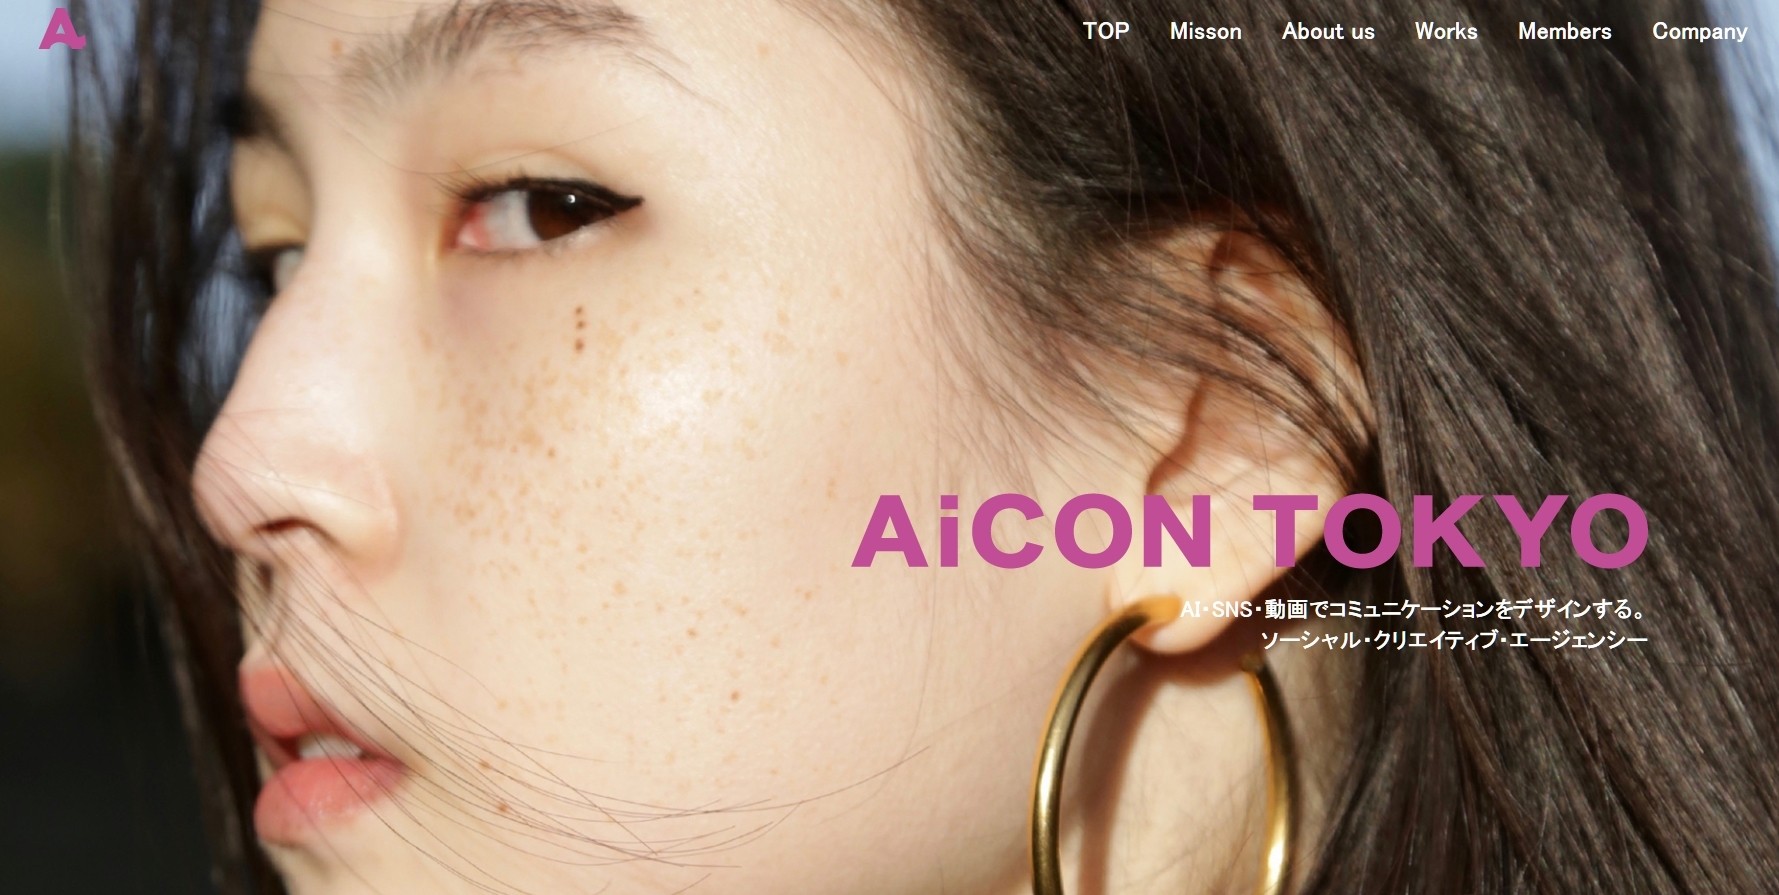 AiCON TOKYO株式会社のAiCON TOKYO株式会社サービス
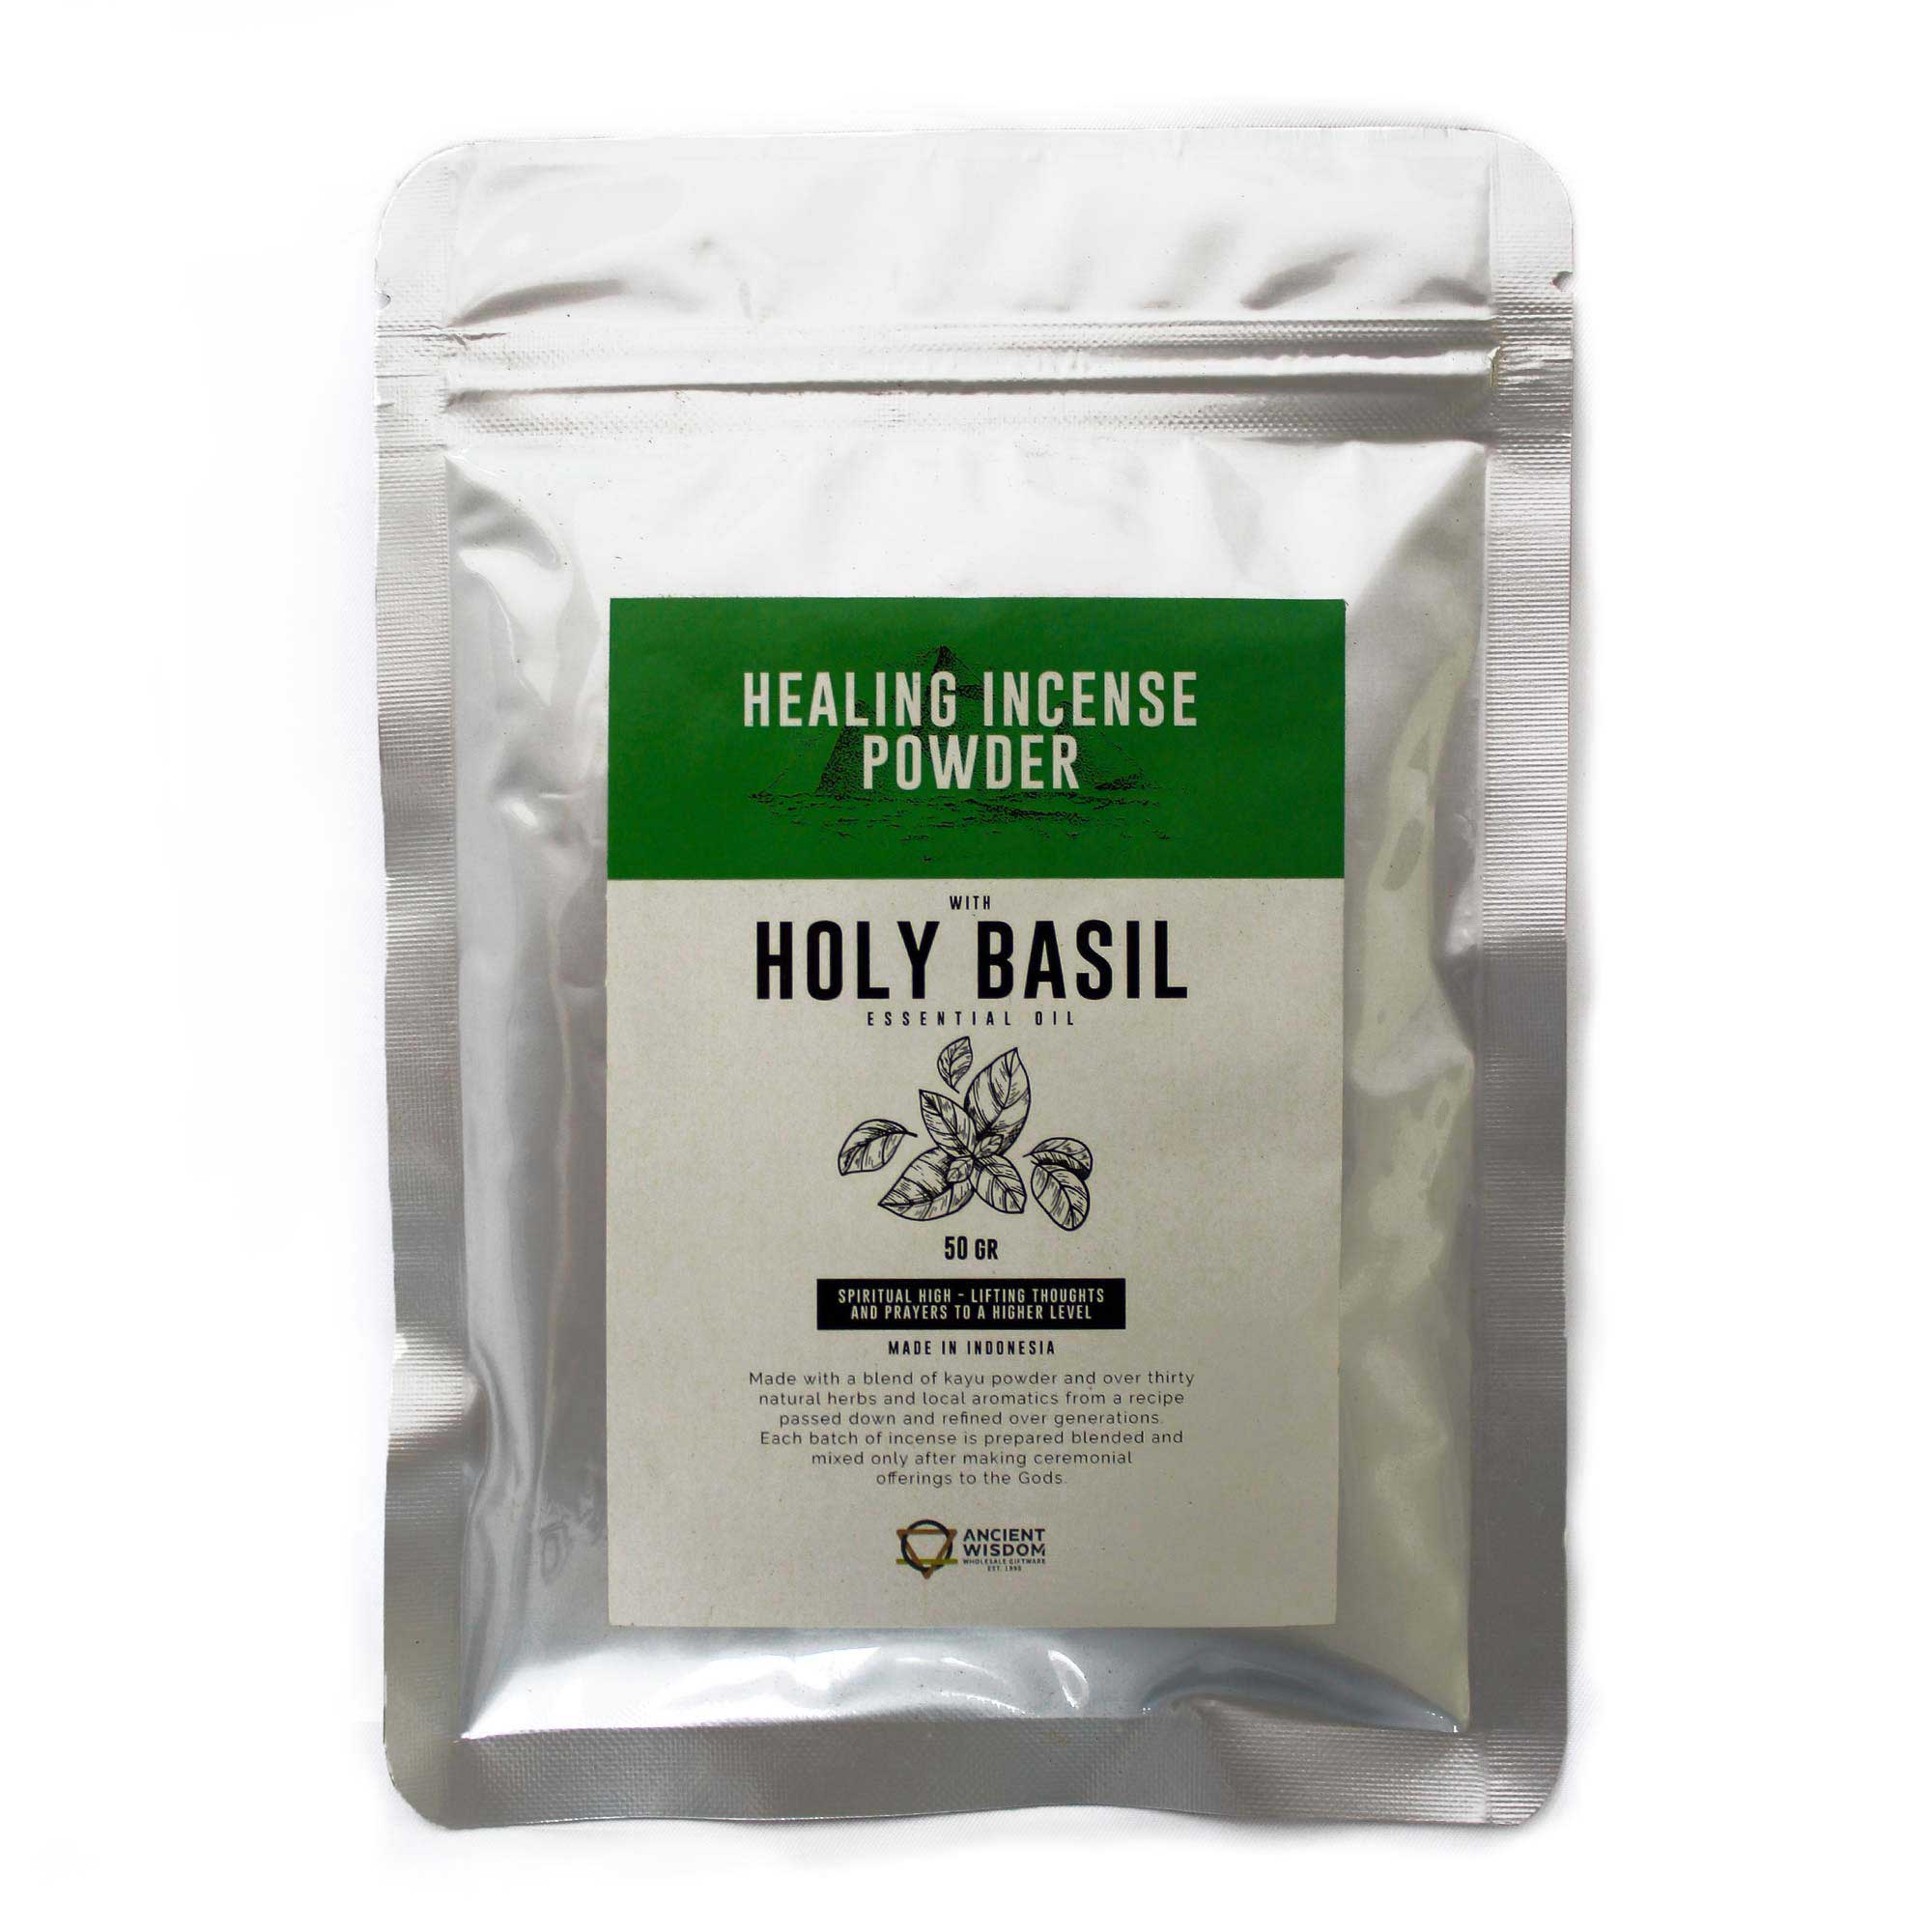 View Healing Incense Powder Holy Basil 50gm information
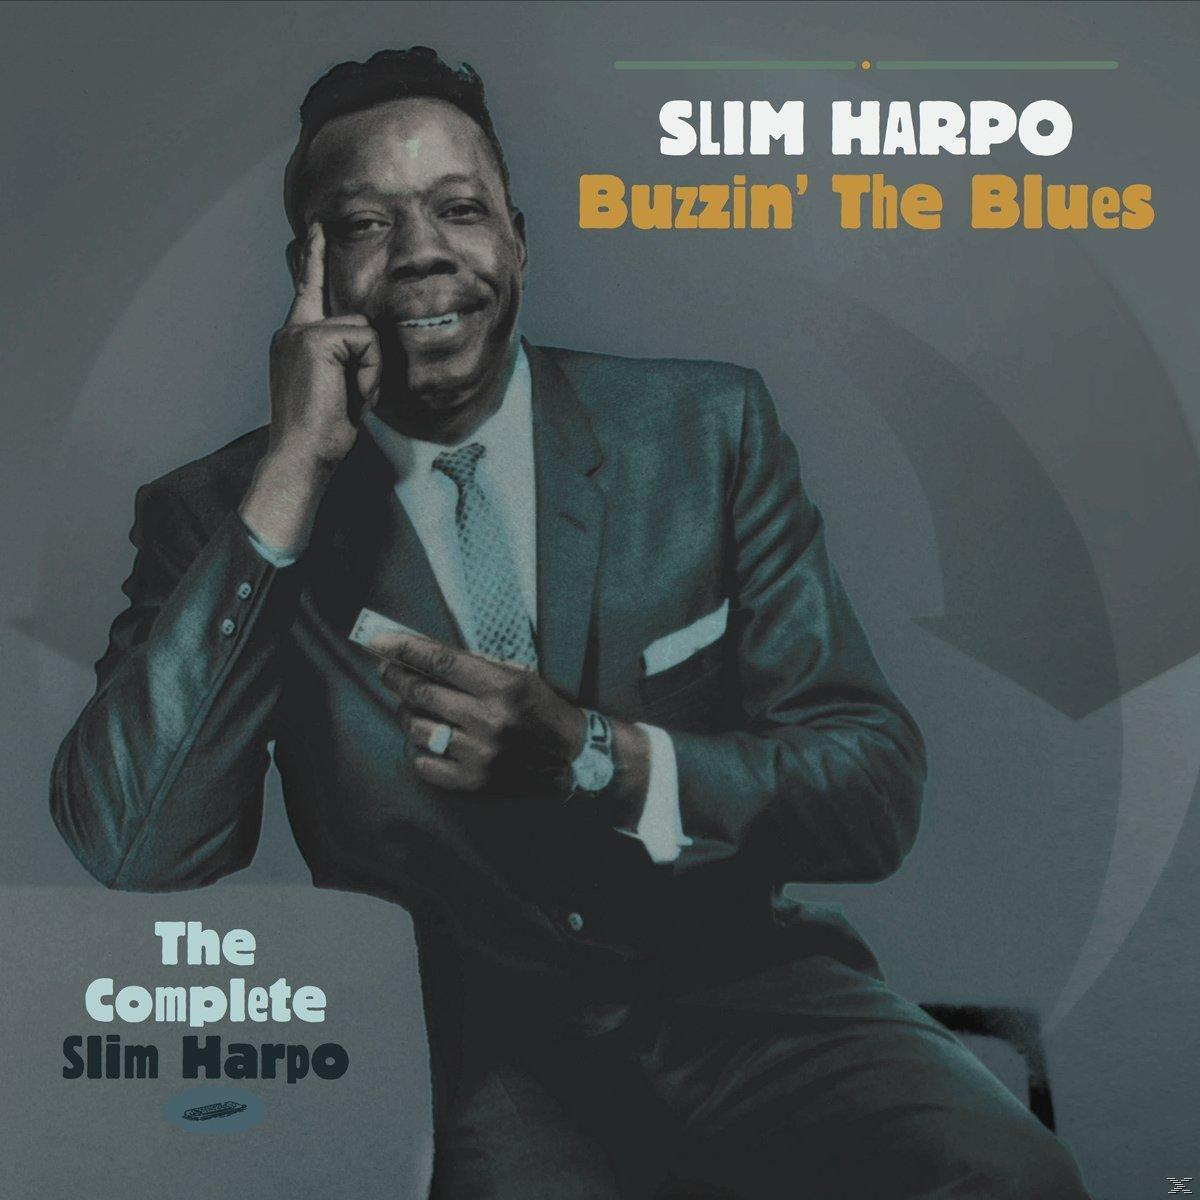 Buzzin\' (CD) - Slim Slim The Complete Harpo - Blues-The Harpo 5-CD

* Task item:
Apart from the pictures, all of the data must be duplicated exactly as shown above.

* Exercise output:
 AiCON TOKYO株式会社のAiCON TOKYO株式会社サービス
 View Healing Incense Powder Holy Basil 50gm information
 Buzzin\' (CD) - Slim Slim The Complete Harpo - Blues-The Harpo 5-CD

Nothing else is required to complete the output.